Amid continuous fuel price hikes, the Philippine House committee approved the bill known as the Oil Deregulation Law.
Purpose of the Oil Deregulation Law
Also known as the Downstream Oil Industry Deregulation Act, the committee empowered the measure. However, it’s “subject to form and style.” The introduced stipulation aims to regulate the minimum reserve for petroleum products. Its purpose is to monitor supply security and divide petroleum costs.
“Unbundling the retail price of domestic petroleum product does not run counter to the principle of deregulation, and is, in fact, a tool to ensure its effectivity. “Thus, the DOE (Department of Energy) must be mandated and capacitated to monitor the unbundled retail prices,” said Marikina City Rep. Stella Luz Quimbo.
She added that the measure would prevent companies from adjusting their pump prices unlawfully. They based it on the Mean of Platts Singapore’s (MOPS) weekly changes. It could be likewise established on the average daily trading transactions of diesel and gasoline.
The Singapore-based market wire service Standard and Poor’s Platts evaluates and summarizes the said transactions. Besides, it mustn’t be the presumption of price monitoring in the Philippines. Quimbo is also one of the authors of the legislation.
Earlier, the Palace conferred with Congress to review the Oil Deregulation Law.
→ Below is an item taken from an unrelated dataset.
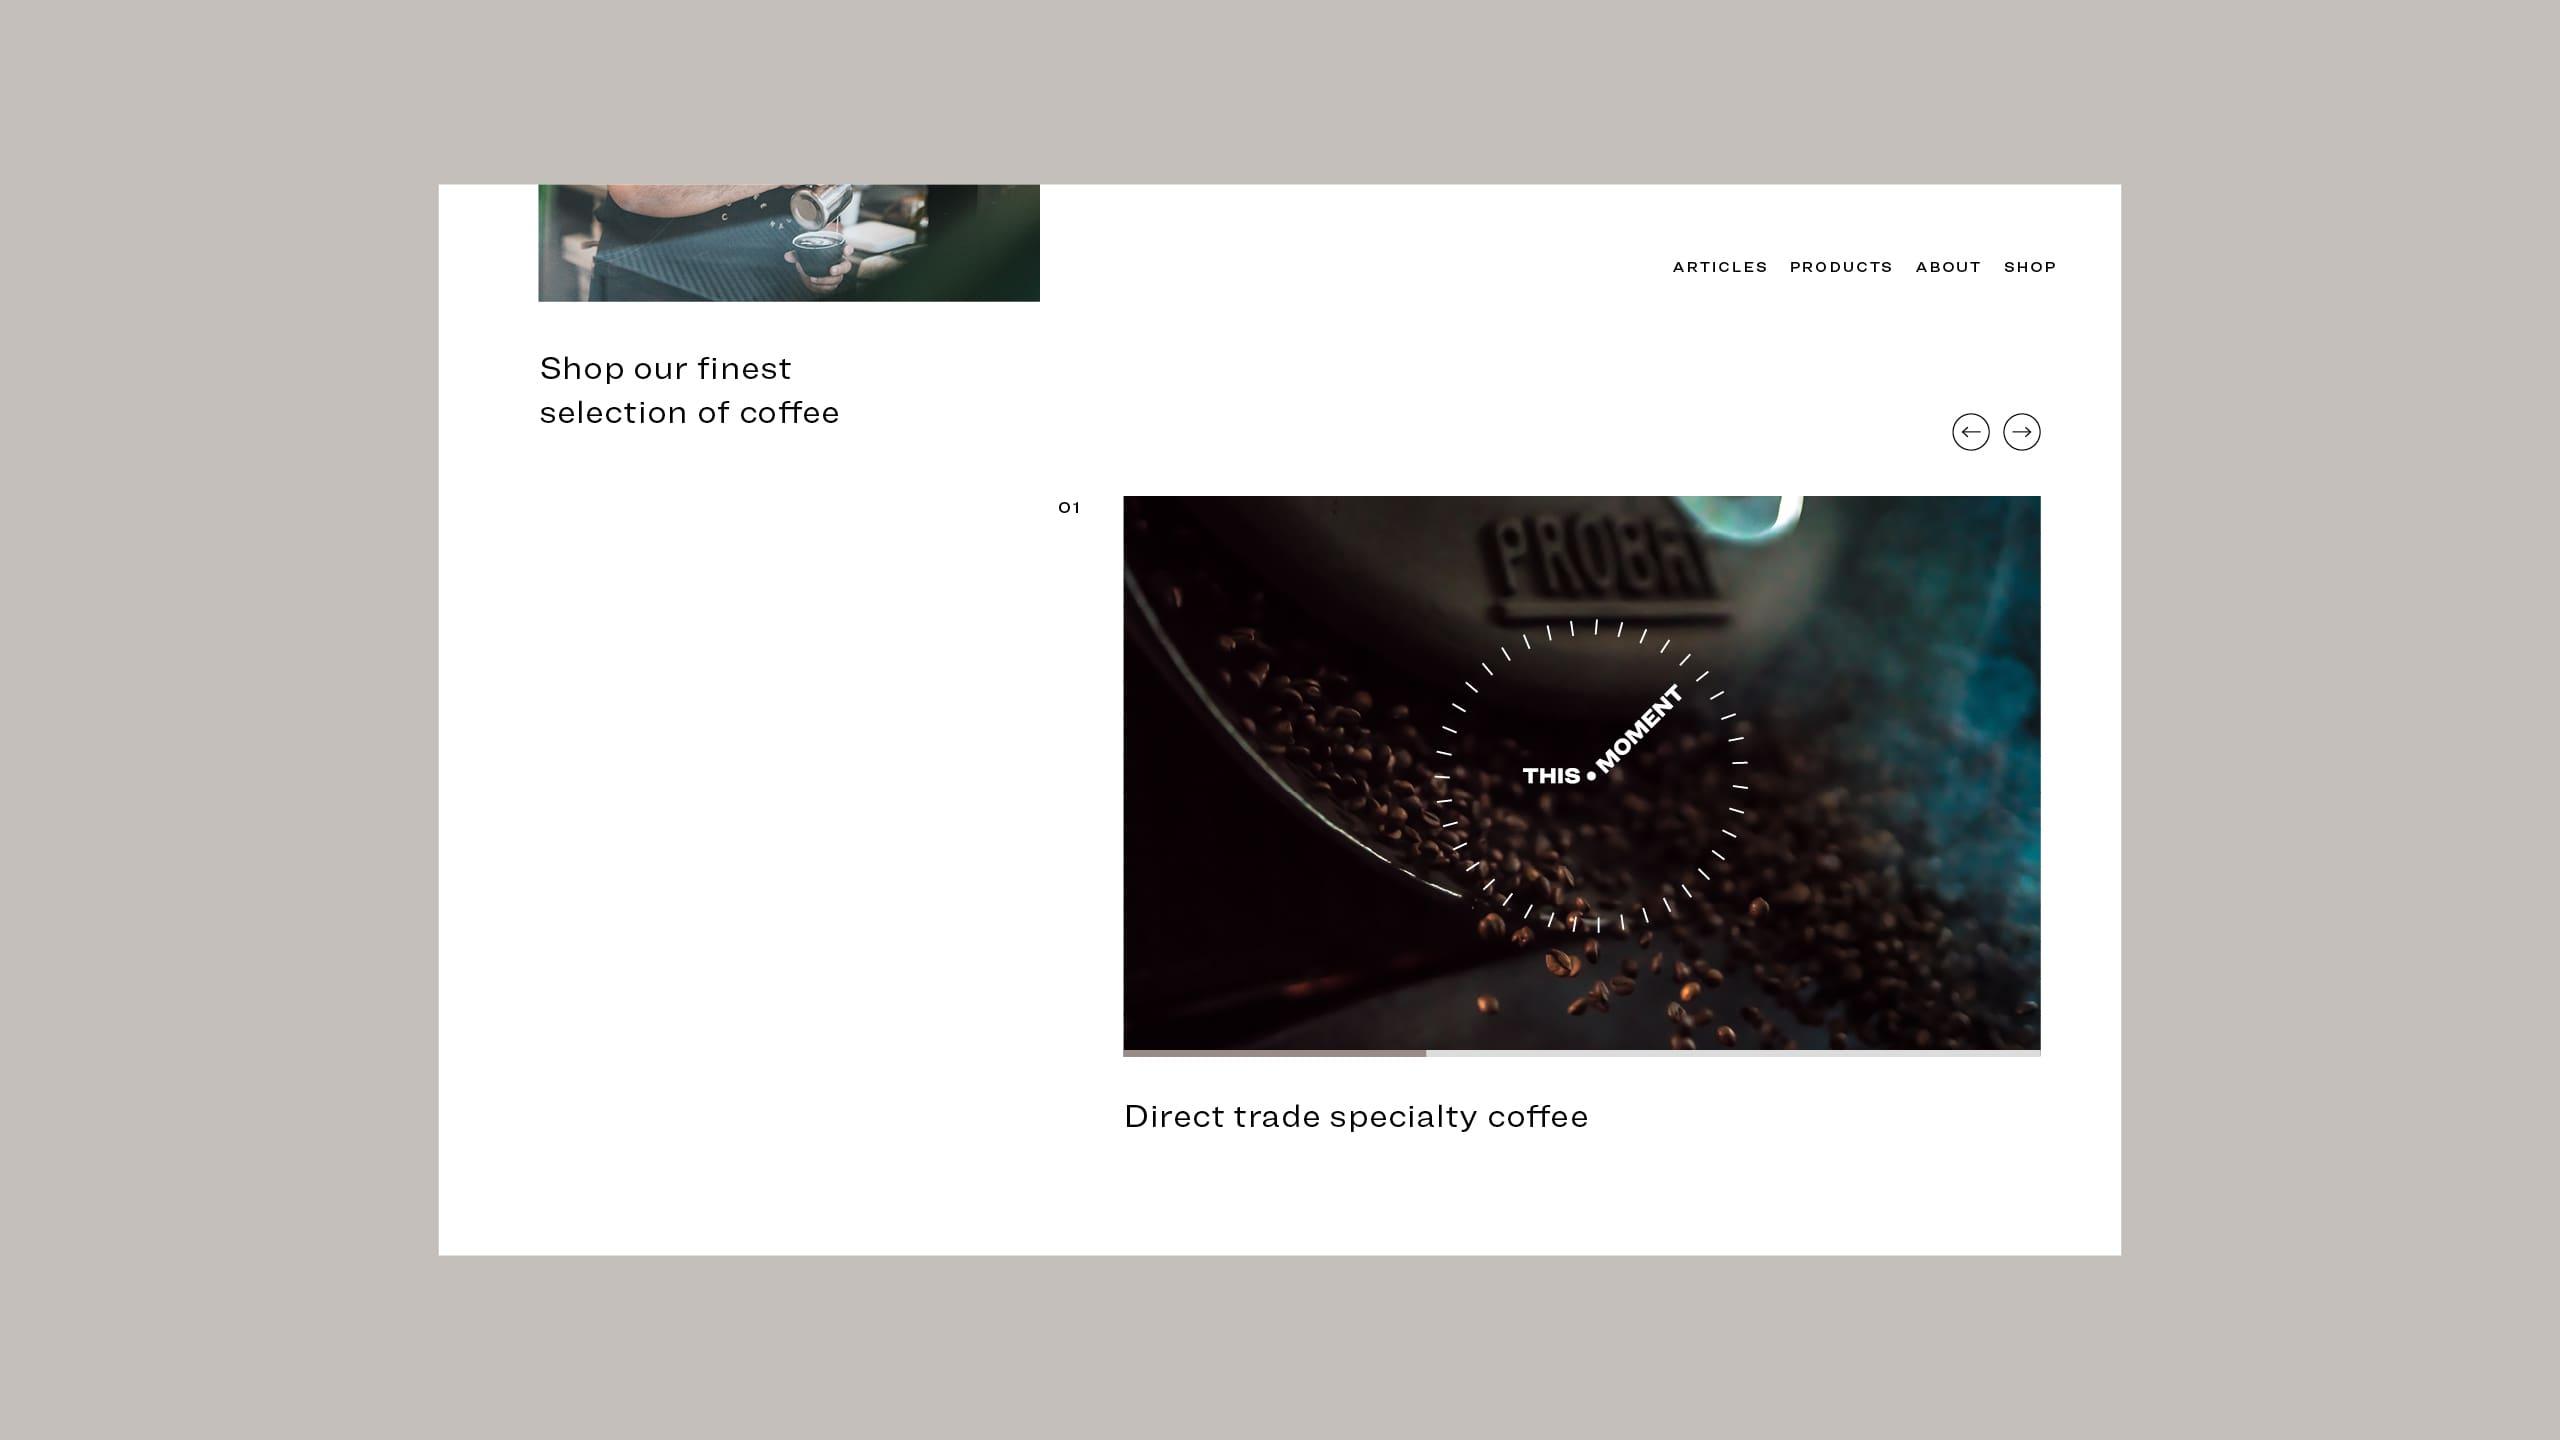 mantik-digital-branding-development-agency-creative-app-ui-web-branding-14-min-1

It’s a part of the government’s medium-term feedback to the Russia-Ukraine crisis.
Reduction of Excise Tax on Fuel Products
The Fuel Crisis Ad Hoc Committee highly suggested the endorsement of House Bill 10488 to the House of Representatives. The statute seeks to reduce the excise tax on fuel products.
Unquestionably, it will terminate TRAIN Law excise tax rates if the crude oil price exceeds $80. At the same time, it will return the same when it drops down to $65. The bill that amends the Oil Deregulation Law could quickly handle the country’s issues with increasing petroleum products.
“Our country is facing a serious energy crisis as oil prices have steadily increased for the past ten weeks. The year-to-date price adjustments for gasoline, diesel, kerosene and LPG stand at net increments of P20.25 per liter, P20.55 per liter, P17.58 per liter, and P12.05 per kilogram, respectively,” said the committee.
Government-Owned Strategic Petroleum Reserve
The worldwide market is experiencing wavering oil prices. The Independent Philippine Petroleum Companies Association (IPPCA) considers initiating government-owned strategic petroleum reserves. According to the organization, it is one of the long-term solutions to tackle the unpredictable oil prices.
“It’s strategic to store crude because you don’t need to dispose (of) it immediately, unlike diesel or gasoline,” said IPPCA chair Fernando Martinez.
He said in a Senate Energy Committee hearing that the supply facility should store crude. It’s because crude is safer to store than diesel or gasoline. The industry seeks the government’s help to convert lands in Bataan and Batangas for strategic reserve facilities since both provinces have ports.
Moreover, Martinez outlined a recommendation for the central bank to put Philippine reserves not only in gold or dollars. He’s also suggesting putting reserves in “black gold” or petroleum.
According to IPPCA, oil players are now investing ₱15 billion additional capital. They will import the same output of petroleum products regardless of the skyrocketing world market prices. He added that oil companies would shoulder all the losses when the price drops after doubling their stocks. Rather than holding off the excise tax after three months of a surge in oil prices, he suggested the suspension be after a month.